Last year in mid 2014 nearly four hundred years of industrialised coal mining came to an end on a twenty five mile seam of anthracite, known as the Warwickshire thick. Roughly half way along the seam lies my home town of Nuneaton close by to Daw Mill colliery, the last of the deep mines to work the Warwickshire thick. Daw Mill Colliery had been owned by the private company UK Coal since the end of the miners strike of 1985. Following a devastating underground fire in 2013 it was decided that Daw Mill should cease operations even though there are millions of tons still left below surface.
As a lad growing up in Nuneaton the rhythm of the day revolved around the four pit heads I could see from my bedroom window.
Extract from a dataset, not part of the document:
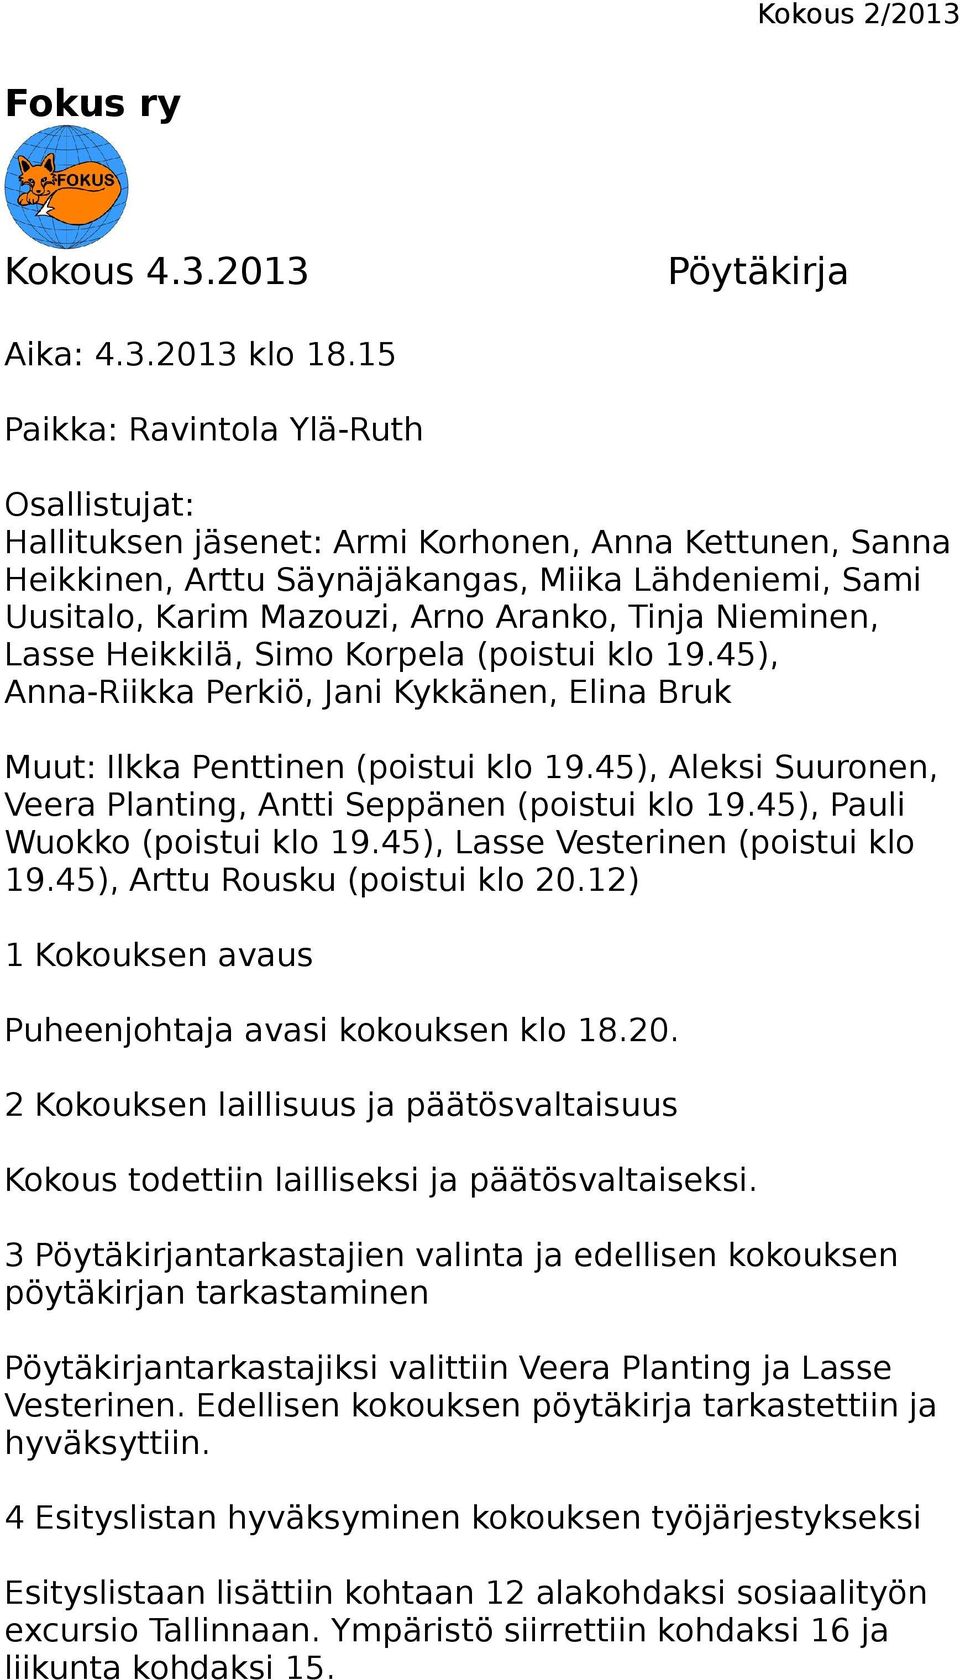 Nieminen, Lasse Heikkilä, Simo Korpela (poistui klo 19.45), Anna-Riikka Perkiö, Jani Kykkänen, Elina Bruk Muut: Ilkka Penttinen (poistui klo 19.

Miners going to work, shift hooters signalling the start of another underground day, shift end hooters, miners coming home and the dreaded accident siren rarely heard, then miners going out at night to such pubs and clubs as the Jolly Colliers, the Miners Arms and the Griff Colliery Sports and welfare club. My father started at one of these Colleries in 1939 aged fourteen as a draft door boy before moving onto face work some years later after returning from service in WW2. Three of my great uncles left associated collieries along the thick to head for France during WW1, never to return.
So with no surprise coal mining and its history in the area stretching back to Roman times is very intrinsic to who I am. With this in mind I joined the campaign to save the winding gear as a lasting memorial to the many thousands who had worked and died underground along the thick, during its turbulent and fraught history, the worst being 32 dead in an underground gas explosion. However, we lost the campaign, down came the winding gear for a few lousy pounds of scrap metal and gone is any trace of hundreds of years of coal mining endeavour. No help from the government, no pseudo celebrities joining the cause, no newspaper coverage and no funding from the lottery fund despite intensive lobbying from the local population.
All well and good you may say until I explain the next chapter in this story. Some eight years ago the Ghurkha signal regiment moved to Gamecock barracks at Bramcote on the outskirts of Nuneaton. As you can imagine their contribution to the life and history of Nuneaton is relatively new and apart from a Nepalese restaurant, fairly insignificant. But up popped another phase of the militarisation of our communities. The suggestion was for a memorial to the Ghurkhas to immortalise their valuable service to the crown. Every local newspaper ran endless adverts to raise funds for a memorial to these in media jargon “tenacious likeable men from Nepal”, there were Gala charity fund raising nights, street collections and BBC TV news reports. So on the 29th of April this year hundreds turned out for a huge parade to dedicate the new Ghurkha memorial in the centre of the town at the entrance to Riversley Park, the most prominent position in the town. If this blatant militarisation of another bloody memorial hasn’t disgusted you yet then there is more, for we had a notable visitor to this memorial for mercenaries in this small ex mining town, and it came in no other guise than the Prime Minister himself David Cameron
So the industrial heritage of Britain and the millions who toiled tirelessly for workers rights, a decent living wage and safe working conditions are slowly being erased from our towns in favour of yet more bloody military memorials dedicated to a violent and imperialistic past. The next generation of young men and women will no doubt walk past these monolithic sepulchres in some deluded but conditioned belief that there is something noble and glorious in the business of war. Perhaps just one last poignant thought to end this short article. On the bottom of the memorial are the words “BETTER TO DIE THAN BE A COWARD” but to today I would say “I WOULD RATHER BE A COWARD THAN SERVE YOUR LIES” Peace and happiness to everyone who reads this.
Gus Hales served with the British Army in N Ireland and the Falklands War. He is now a member of Veterans For Peace UK.